Depending on the position of the sensor, the first face or the second face can be corrugated and this corrugated face is the one facing the sensor (s).

According to an exemplary embodiment, with reference to the axis of revolution of the magnetic target, the first face is an inner face of the magnetic target, while the second face is an outer face of the magnetic target. The inner face is, radially with respect to the previously defined axis of revolution, the wall of the magnetic target closest to this axis of revolution, and the outer face is, radially with respect to the previously defined axis of revolution, the wall of the magnetic target furthest from this axis of revolution.

The dimension previously cited is, with reference to these definitions, a radial dimension, measured radially with respect to the axis of revolution of the magnetic target, between the above-mentioned inner face and the outer face. In other words, the radial dimension here corresponds to a thickness, measured radially, of the annular shape which the magnetic target has in section along a plane perpendicular to its axis of revolution.
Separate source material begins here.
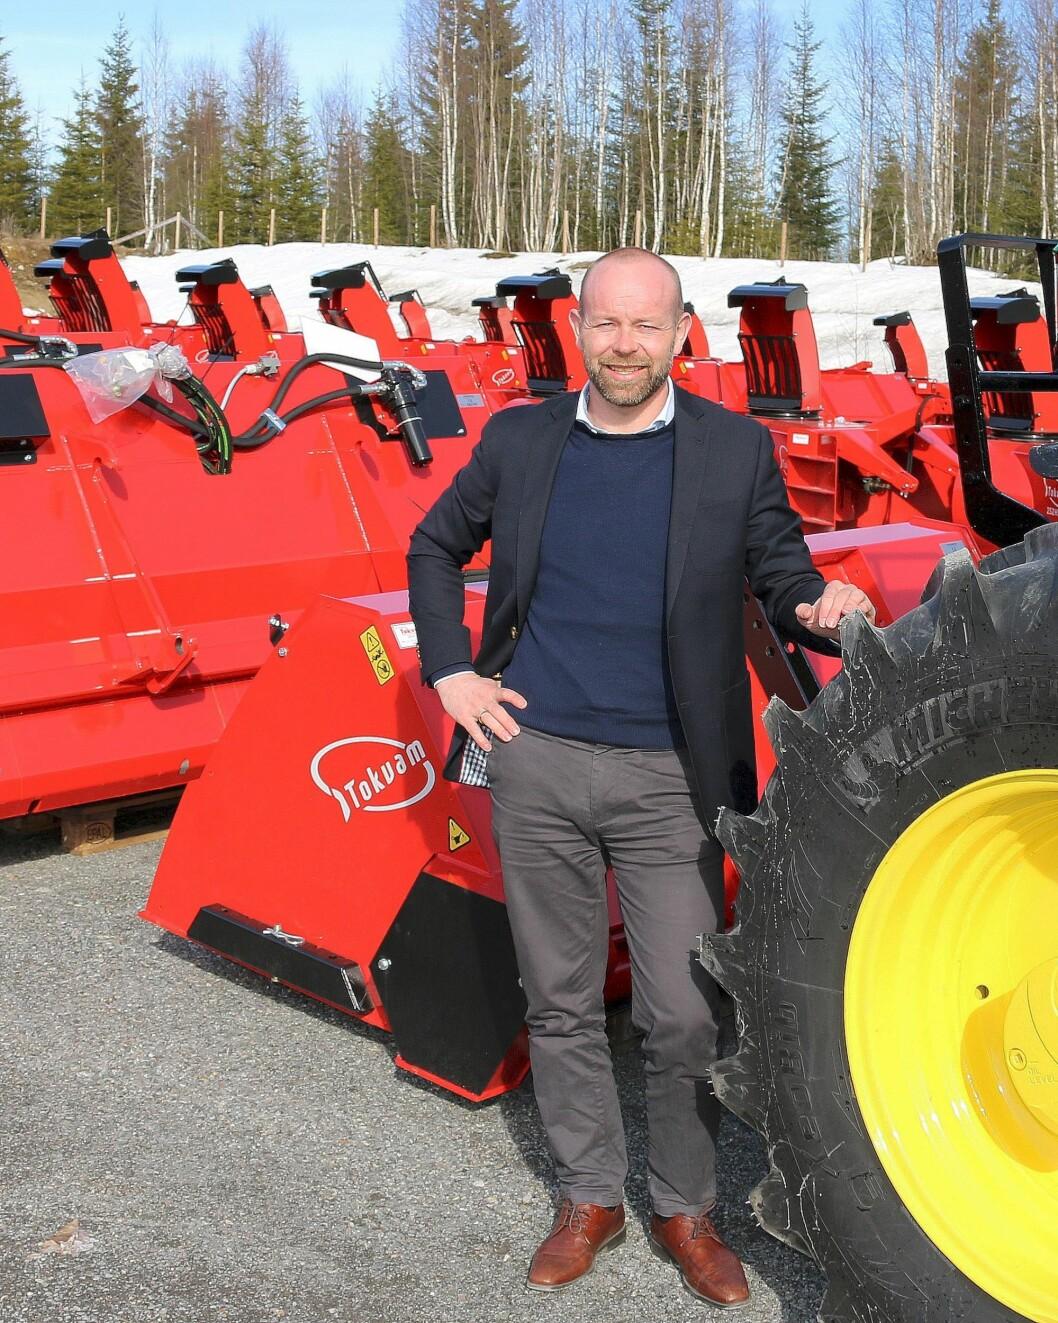 Finn Kristian Tokvam slær fast at for Tokvam er det eit viktig steg å gå i samarbeid med FKA.

It must then be understood from the above that according to the invention, the distance measured between the first face and the second face of the magnetic target, is not constant over all the angular positions of an angular sector of 360 degrees , measured around the axis of revolution of the magnetic target and in a plane perpendicular to it. In other words, the distance between the first face and the second face of the ring formed by the magnetic target varies along the periphery of the magnetic target.

As mentioned above, to carry out the desired detection, the magnetic target is rotated around its axis of revolution. In this rotational movement, the signal detected by the position sensor (s) varies according to the magnetic configuration of the region of the magnetic target, driven in rotation around its axis of revolution, which passes over this or these sensor (s) of position. As such position sensors being, as indicated above, fixed relative to the moving magnetic target in rotation, it follows from the above that, during the rotation of the magnetic target, the distance between the latter and the or the position sensors vary. According to the invention, this variation in distance is configured to optimize the signal detected by the position sensor (s) in order to carry out, in a rotary electrical machine comprising a detection device according to the invention, a quality detection of the angular position of a large diameter rotor. A detection device according to the invention thus guarantees ease of manufacture and mounting on the rotating machine. It also guarantees compliance with the voltage amplitude values, thus avoiding any signal clipping phenomenon.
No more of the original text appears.